I hate to also invoke Sisyphus, another portion of “I’m 13 and this is deep”, but we, as observers, do not have to imagine these two happy. Or any other quarterback for that. They are happy. They’re not all winning Super Bowls every year – stolen by that Kermit-man. But there is something about living your dream so fully and so well that you could plausibly never work again once the dream ends. And they all are okay
To die on the field is not to physically die on the field. It is to leave everything on the field, such that, the last memories humans have of you is on the football field. Your name is forever enshrined on the roster; the clips forever with you staring back. And to have that honor, an honor you have worked for since a child, then it’s all worth it. The sacrifices, the hours lost, the years lost later, and everything that comes with that – including the harrowing injuries – is worth it for a taste of that achievement. To be marked as a superstar athlete. The boulder is already at the top; we just don’t see it.
Josh and Tua – The Curse of Being Known
I’m sitting here trying to write this blog outside, but am currently fascinated by a bug.

I’m not sure what kind of bug it is; it looks like an ant but flies like a mosquito and uses its hands/front limbs (?) like a praying mantis. Unsurprisingly, I am not a bug expert in any sense. I observe the ones I know and run from the ones I don’t (I always assume they will fuck up my nervous system or make me allergic to meat).
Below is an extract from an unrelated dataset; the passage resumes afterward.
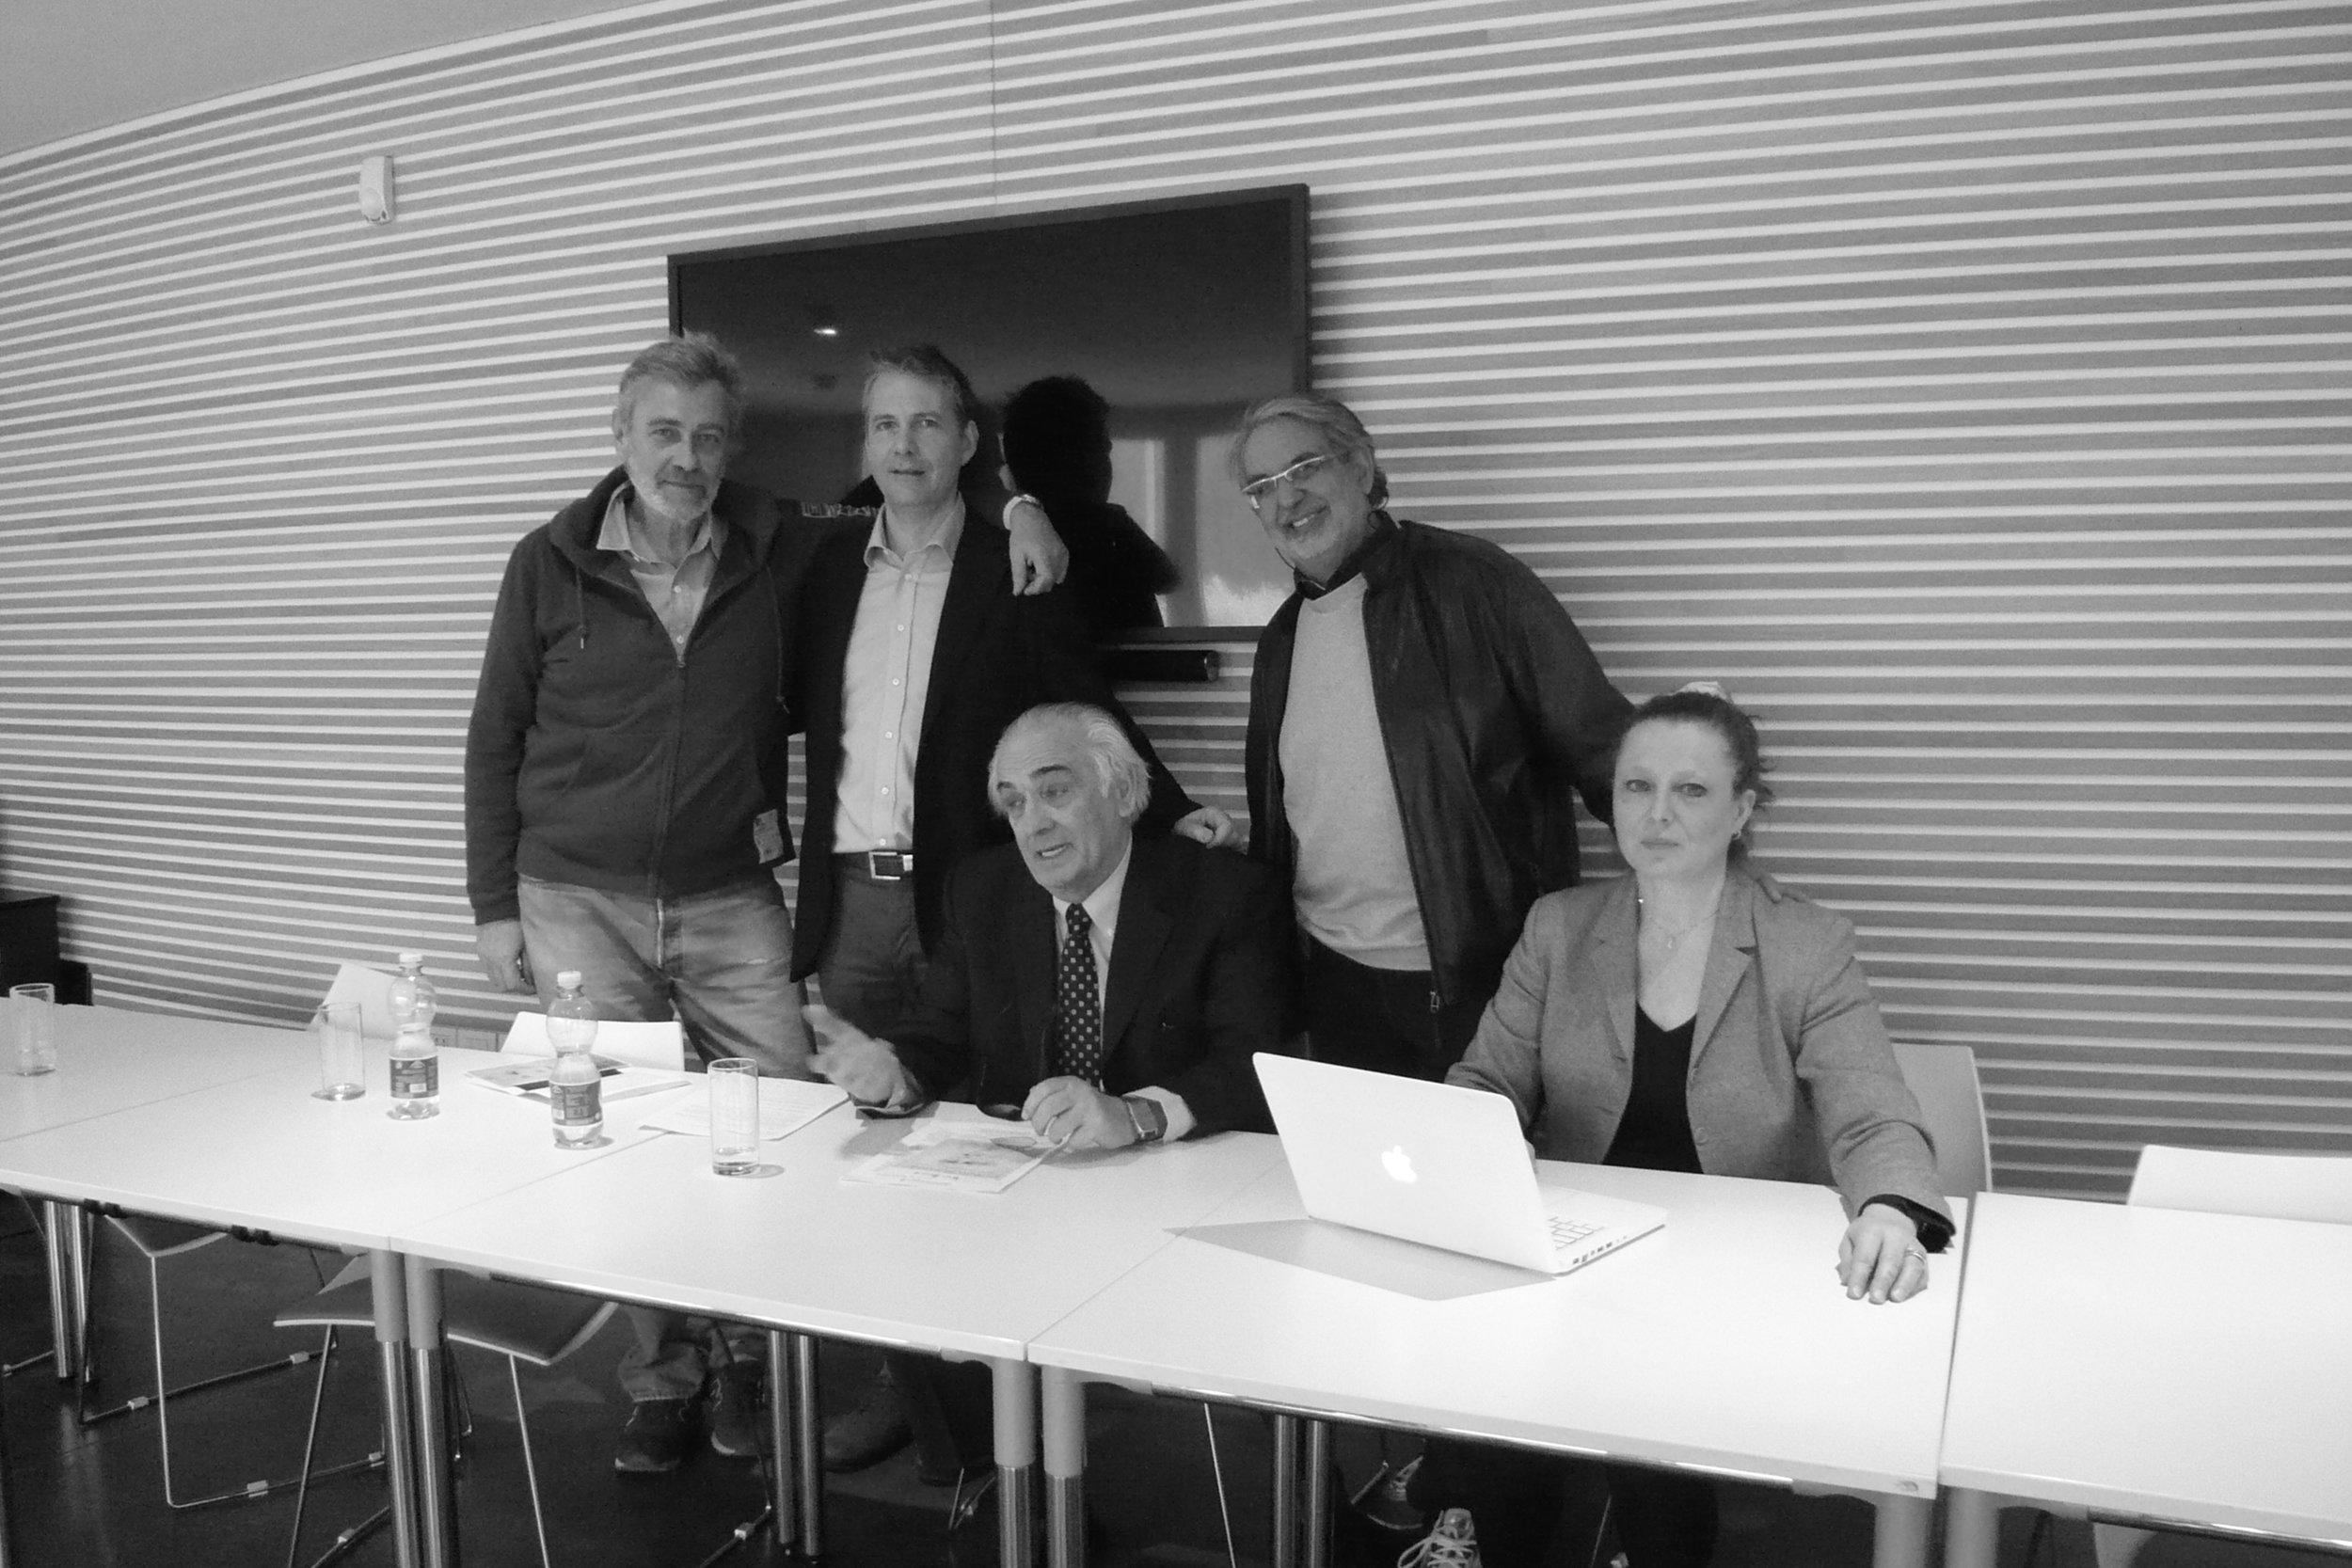 (Left to Right) Andrea Bigiarini - New Era Museum, Marco Di Battista - Member of the Jury, Sen.Alberto Robol - Regent of the Foundation, Giancarlo Beltrame - Nember of the Jury, Lorenza Somogyl Bianchi, Organization at the Press Conference.

Realistically, this is the bug’s only day alive. Bugs don’t live long; the tinier they are the shorter they live. The crumbs the bug was eating on the table are some of the very forms of sustenance it will ever have. And during that brief moment I was a witness. In some ways I should be honored to have witnessed this brief foray into human-created joy this big got to witness.
But, to me, it’s Thursday afternoon. I’ll remember the bug. I even have visual evidence of the bug’s existence. But the bug will only exist in memory, and the actions I saw it perform are probably the only memory of it that will survive. When it left my presence, it, in a way, died.
The bug doesn’t know of my existence. Maybe it understands what I am or what I’m doing. Or, more likely, I am just a being it is avoiding. For Josh and Tua, they are bugs. And we, the collective, are me. We are watching them from afar as they try to live their last day.
I know I am overthinking and over-writing this; my ego is such that I believe I can outthink the audience. It’s not good. In some ways, it’s like Tua and Josh. These men, these quarterbacks, are okay with the repercussions of their actions.
And I don’t know if I can criticize them for that. Because I understand.